To generate interest, Dora Maar’s photographs of the artist working on Guernica were published in the international journal Cahiers d’Art. Back in Britain, anticipation began to rise. The art critic Anthony Blunt published a scathing review of the painting, dismissing Picasso’s inaccessible, elitist symbolism. Fellow critic Herbert Read came immediately to its defence, and the two argued over the painting for several weeks in a very public spat.

Letters exchanged between Penrose and Picasso’s secretary Juan Larrea show preparations for the British tour at full pelt: “Today matters stand like this” Larrea wrote on 12th February 1938 “We want the exhibition to happen with the maximum force and solemnity, both for Picasso himself, since the more admired he is the more useful he will be to our cause, and for our cause itself, since this is one of the rare means we have to reach that sector of the public for whom this kind of argument may prove convincing. The question of making money is only a secondary consideration.”

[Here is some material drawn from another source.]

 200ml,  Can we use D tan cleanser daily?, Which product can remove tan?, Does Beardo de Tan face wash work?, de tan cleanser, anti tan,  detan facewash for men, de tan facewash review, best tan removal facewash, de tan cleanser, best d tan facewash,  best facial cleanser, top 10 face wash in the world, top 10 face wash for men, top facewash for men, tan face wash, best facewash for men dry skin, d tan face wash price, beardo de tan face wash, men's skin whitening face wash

“Dear Picasso” wrote Penrose, as plans began to take shape “public interest is growing daily in spite of the general consternation of the last few days [the country was in the grip of the row over appeasement following Hitler’s demand for the secession of the Sudetenland]…. I’ve already had two requests from provincial towns to exhibit the pictures after we close here. The cities of Leeds and Manchester would like to show the exhibition in their municipal galleries. We can arrange this under the same conditions as we’ve got here, if you like, but they do require a fairly rapid reply. Both cities are very important centres and I think the exhibition might make a big sensation there. …come when you can, my house will be at your disposal. There is a night train, which goes via Dunkerque without the need to change compartments – one sleeps just like a baby.”

Ominously, Guernica arrived in Britain on the day the Munich Pact was signed — in fact so volatile was the political situation that Penrose cabled Picasso the day before to check he was still willing to risk the loan. Happily, he received an immediate reply saying the purpose of the picture was to express the horrors of war and that it must take its chance. The first showing went ahead in a small London gallery, as planned, on October 4. But by the time the show closed four weeks later, only 3,000 visitors had been, far less than Penrose had hoped for. He chalked it up to moral lethargy in the wake of the pact.

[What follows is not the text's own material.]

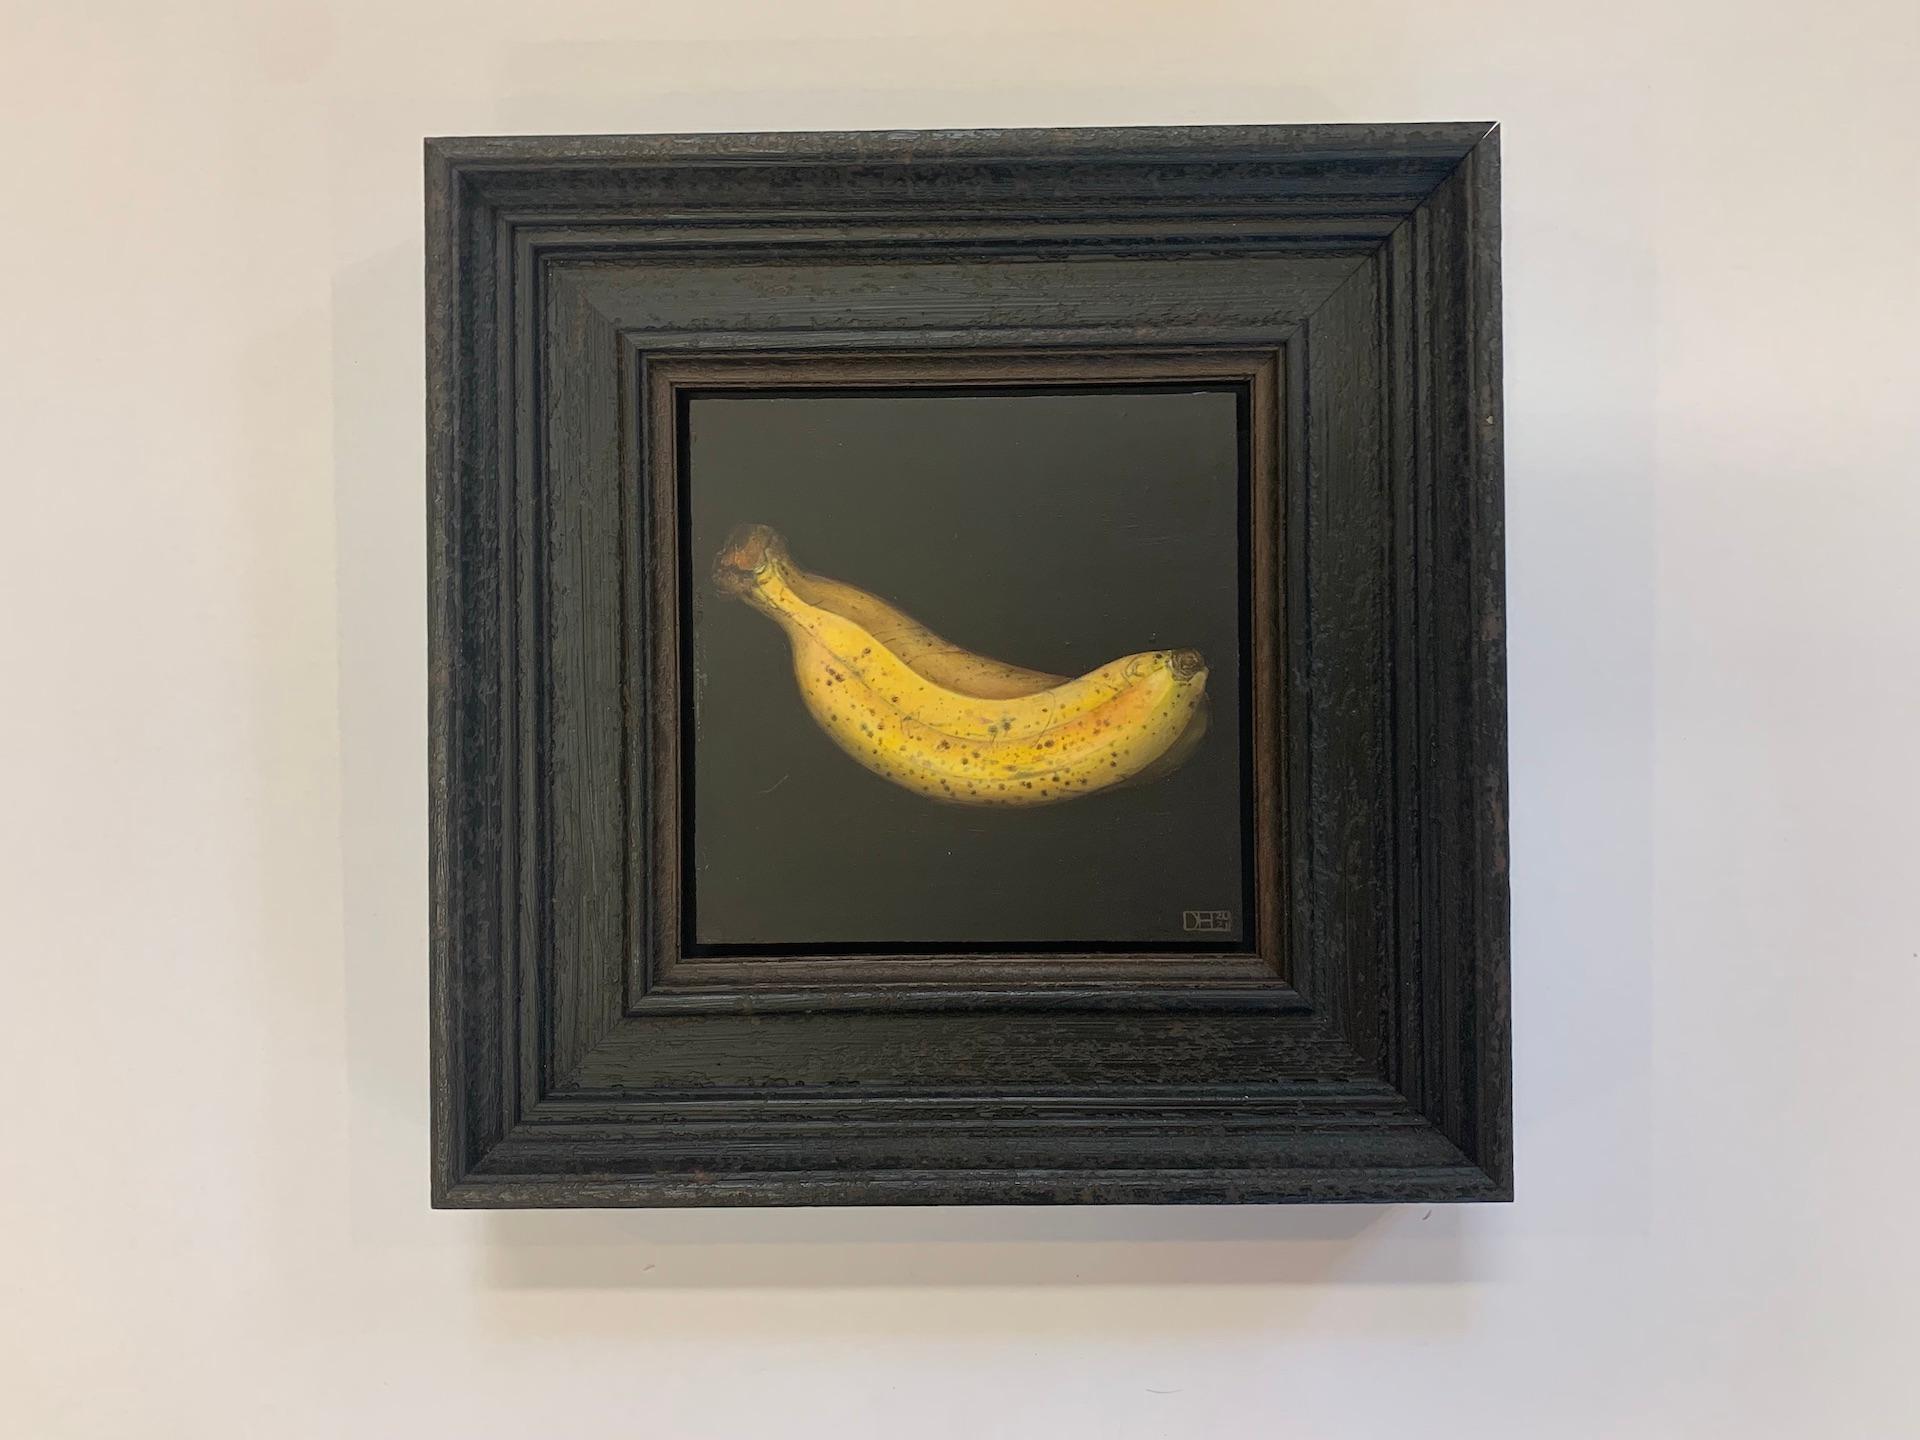 Deep Red Apple and Yellow Banana diptych - Realist Painting by Dani Humberstone

But slowly the painting’s fame began to increase. The following week, the sketches were sent to Oxford for “Peace Week”, where they began to generate interest. “At this stage the press coverage was slight” says Little, “but the majority of people who saw it and wrote about it talked about it first and foremost as a piece of political propaganda, not as an artwork. Many found it deeply confusing; they questioned whether art can or should be politically engaged in this way.”

Next, the sketches went to Leeds, before being reunited with the painting in Manchester. Both towns were known for their Left-wing activism, and the painting’s arrival was spread by word of mouth. The late artist Harry Baines, a student at the time, remembered unrolling the canvas and attaching it to the wall with a basic hammer and carpentry nails. In an effort to attract working people on their way home, the exhibition stayed open until 8pm.

The final stop on the tour was London’s Whitechapel Gallery, where Guernica received its most rapturous response. With Penrose in attendance, it was opened by Major Clement Attlee, the leader of the opposition, and a supporter of the Spanish cause. They turned the gallery into a campaign headquarters of sorts, screening films about the civil war, and offering tours of the work by well-known artists.

The tactic worked — some 12,000 visitors attended during the two-week run. “The impression your works have made on these simple people,” wrote Penrose to Picasso, was “profound.” The tour wasn’t the success Penrose had hoped for, yet Guernica became a real touchstone for artists. Many aspects of the painting’s visit to Britain remain shrouded in mystery. That showing in a Manchester car showroom, in particular, has become such an urban myth that Little put out a call for witnesses via the Manchester Evening News last September. So far, nobody has come forward.